* * *
А ведь было на нашем веку это всё-таки:
перестроечные и полночный «Агдам»,
что-то свежее носится в уличном воздухе,
и амнистии множатся по городам.
И свобода приходит в расцветшие скверики,
и выходит Улисса большой перевод,
пароходы плывут по высокой Москве-реке,
возвращается Сахаров из несвобод.
Возвращаются частная собственность.
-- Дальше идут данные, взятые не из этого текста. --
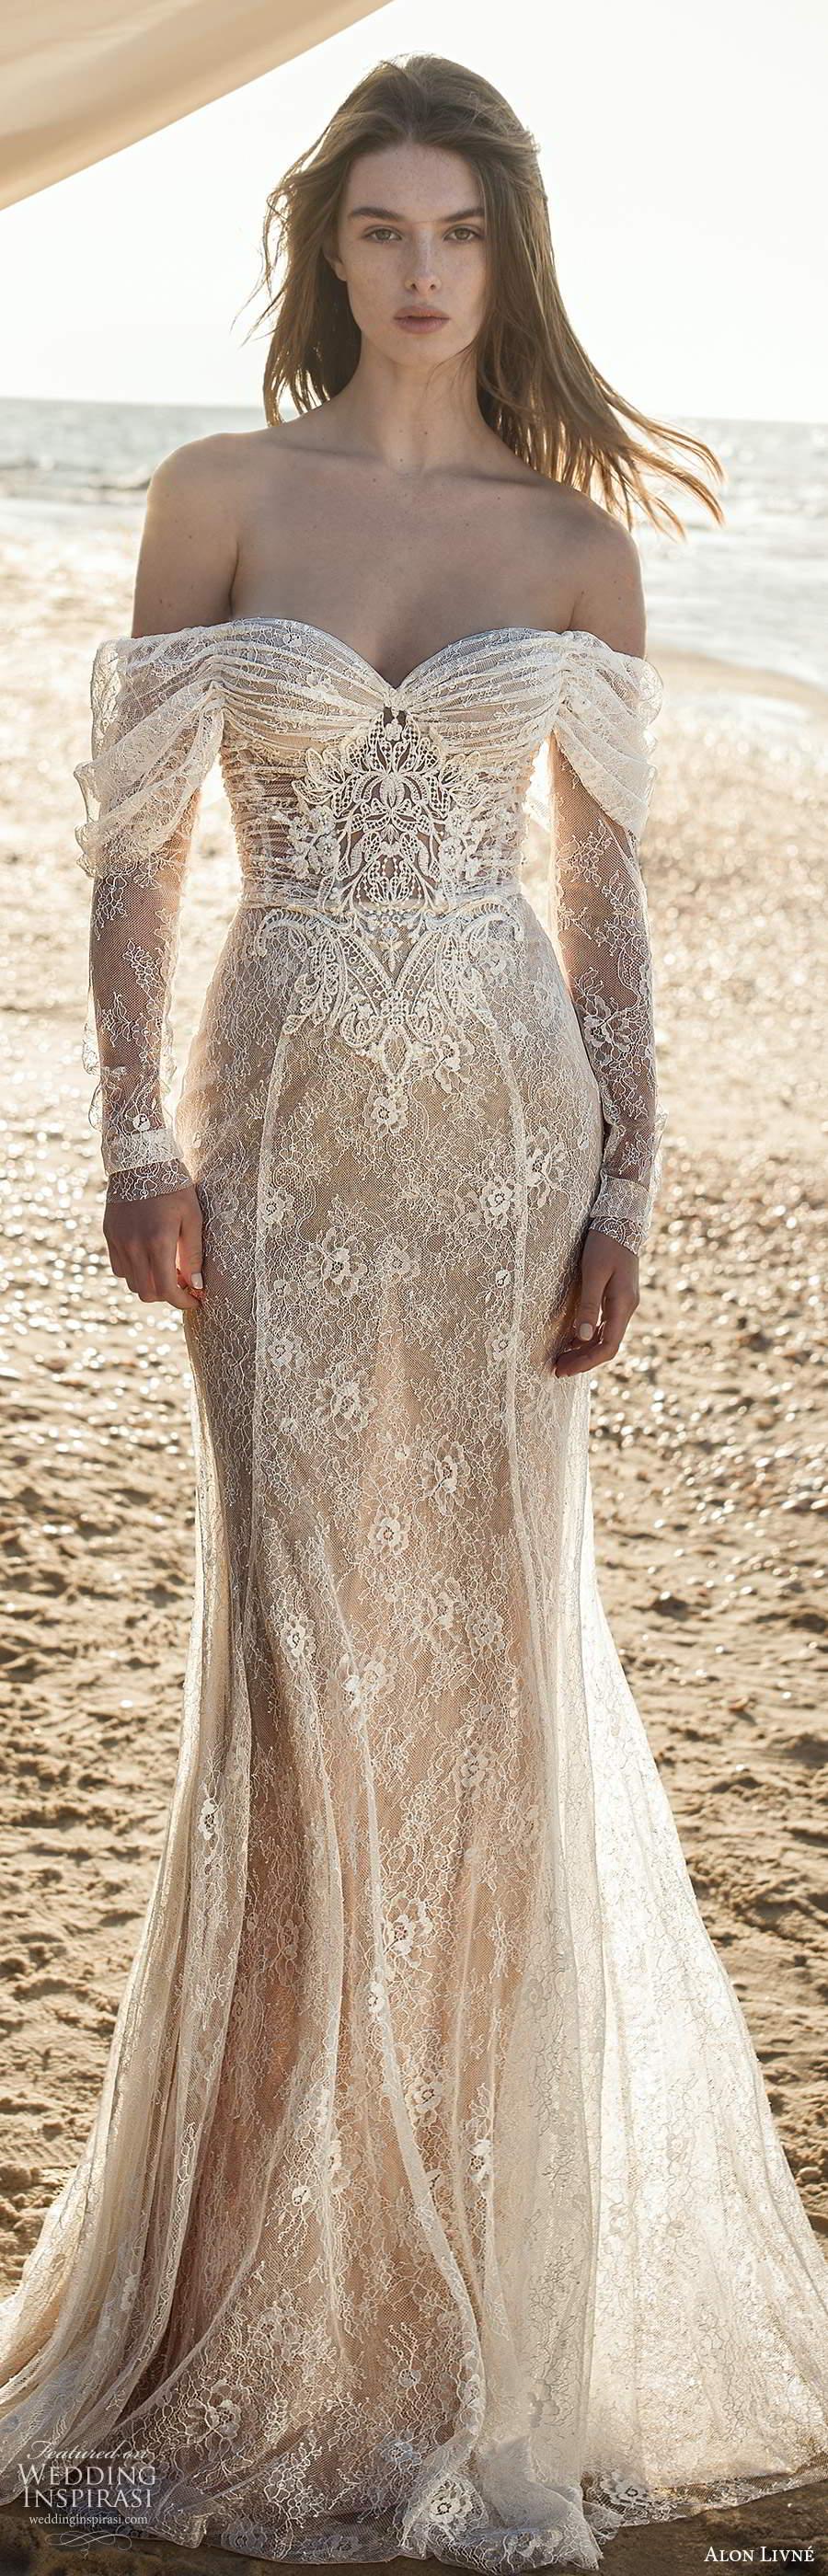 alon livne fall 2020 bridal illusion long sleeves off shoulder sweetheart neckline sheer bodice embellished lace fit flare mermaid wedding dress (3) lv

В частности,
возвращаются улицам их имена.
Комитет государственной безопасности
обещает, однако, вернуть времена.
Почему-то в России всё бедами мазано,
всё кончается лесом предательских рук.
О свободе в отчизне потомкам расскажем мы:
«Это было красиво и кончилось вдруг».
О жизни рассказать бы мог пустяк,
в альбоме старый снимок – четверть века.
Вельветовые брюки и пиджак
дают понять нам в целом человека.
Его любила женщина одна,
весёлый независимый характер,
густых волос упрямая волна.
Потом её увел один приятель.
Просил её вернуться, всё простить,
послал письмом два общих снимка даже,
ответа ждал. А что простить – спросить?
Как возвратиться к прошлому пейзажу?
И он, как жил когда-то, так и жил.
Жил в городе зимой, с весны – на даче,
где пола подгнивающий настил
пел что-то на два голоса, чудача.
Перемостил простой дощатый пол,
покрасил стены и забор наладил,
ходил с корзинкой в невысокий бор,
и что-то вдруг о радости заладил.
С какой, однако, радости бы вдруг,
когда он жил один в глухой деревне?
О радости, не покладая рук
сажать кусты, окучивать деревья.
Ни женщина призывам не вняла,
ни дети, недоверчивые к слову,
а радость вот поверила, пришла,
ведь кто-то должен приходить по зову.
В пишмашинке стихи, полустёртая лента —
было дело, и дело водило студентку,
пусть не в ад, а в предбанник его, в кабинеты,
чтобы в тех кабинетах продолжить беседы.
Мне гэбист на допросе цитировал Бродского.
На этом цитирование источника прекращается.